身邊弟子眼睛骨碌碌一轉:“相距百丈,尚在射程之內。師兄,放箭吧!”
先前也不是沒有放過箭,領頭弟子又已見識過李滄陵身手,只恐百丈之外要一箭穿心更難:“他們又不是站著不動的木頭樁子,幾下就能逃出射程,那該如何!”
“師兄,沒有別的辦法了!為今之計,只能放箭點火,才有可能攔住他們啊!”
“點火?”領頭弟子心內一凜。點火!
身邊弟子急速道:“祠堂燒了可以再建,靈位沒了可以再立,可商白景跑了,師兄難道有第二條命可以面見溫閣主嗎!”
他們都不知道無念峰上還有先閣主的愛妻在養傷!姜止從前瞞的太好,以致時至今日眾人都以為無念峰不過用于祭享。領頭弟子也知這是最后可以攔住商白景的機會了,他橫下心,大聲令道:“點火!放箭!”
喝令已下,眾箭將發。日頭將西,頭頂已有弦月升起,一行耀目火簇在將暗的天色里格外顯眼。箭音破空之時,千百箭矢如流星劃破云霄,身后忽然有人咆哮:“住手——”
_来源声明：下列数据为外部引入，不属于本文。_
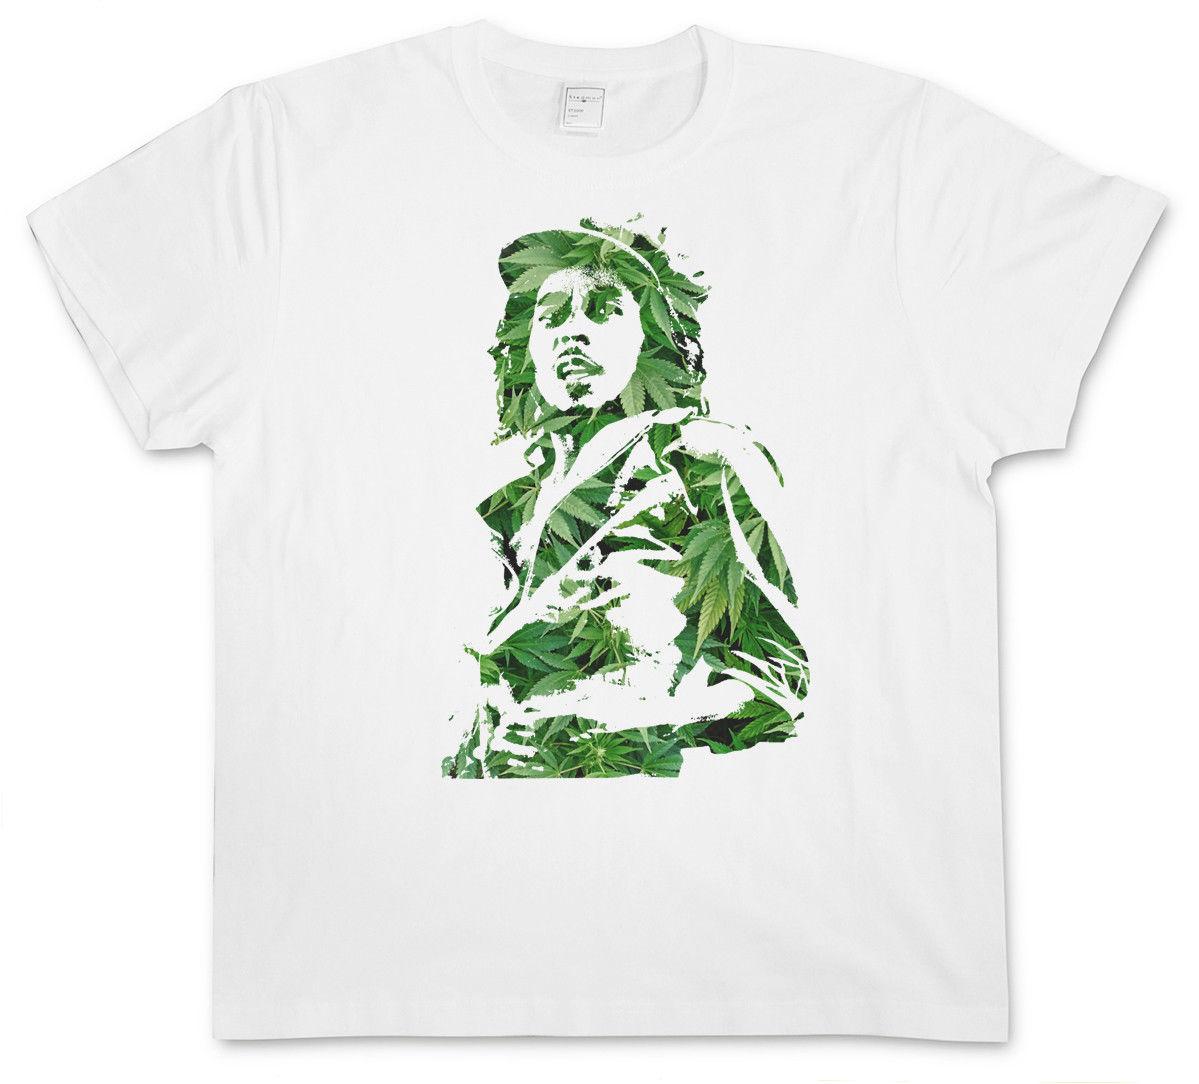 GANJA BOB I T-SHIRT - Jamaica Marley Cannabis Weed Hemp Reggae Wailers Marijuana 1

那領頭弟子嚇得一顫,回頭一瞧,竟然是遲遲不來的溫沉遙遙站在遠方。他身前不遠處已多日閉關不出的羅綺繡正朝己方狂奔,見著這樣的情形駭得止住步伐。領頭弟子猶不知溫沉此言何意,心中忐忑:“閣、閣主?”又忙表功道,“閣主!他們必然逃不掉的!”
但溫沉看也沒看他,似乎也沒聽到他說的話。他那一聲喊遲了半秒,眼睜睜看著萬箭齊發、無念危急。那些閃耀的羽矢也劃破了他緊縮的瞳仁,溫沉雙目圓睜,目眥欲裂,身形飄搖像一片風中枯葉。領頭弟子見他滿面驚駭,急忙暗想自己究竟何處沒辦妥當?可他還沒想出什么,溫沉身形已如鬼魅似的一晃,勁風掠過,將那弟子撞了個仰倒,溫沉卻已踏上鐵索,一路追箭而去。又“當啷”一聲,一襲素衣掠過,羅綺繡踩著溫沉的影子也追去了。
崖邊眾弟子皆面面相覷,不敢出言。
另一邊,李滄陵距上岸還有十幾步之遙,忽然聽見身后天空傳來異響。他回頭一望,見半天的箭矢流火墜下,心頭一緊,喝道:“白景兄躲開!”自己兩步并作一步,朝岸上撲去。而師娘房前,商白景的面色活似見鬼,同那岸的溫沉如出一轍。面對鋪天的殺意他躲也不躲,嘶吼道:“不行!不行!”
“嘭!”
第一支箭射中了師娘緊閉的窗,商白景猛地撲去,也不在意什么火焰什么燙是不燙,一把將那箭拔了下來。可是遲了,窗紙遇火,火焰立刻攀延而上,一發不可收拾。他就生生用手去拍打火苗,試圖將火撲滅。但又聽一片砰砰聲,許多支箭又帶著新的火焰扎在那座小小木屋的房頂和四壁上。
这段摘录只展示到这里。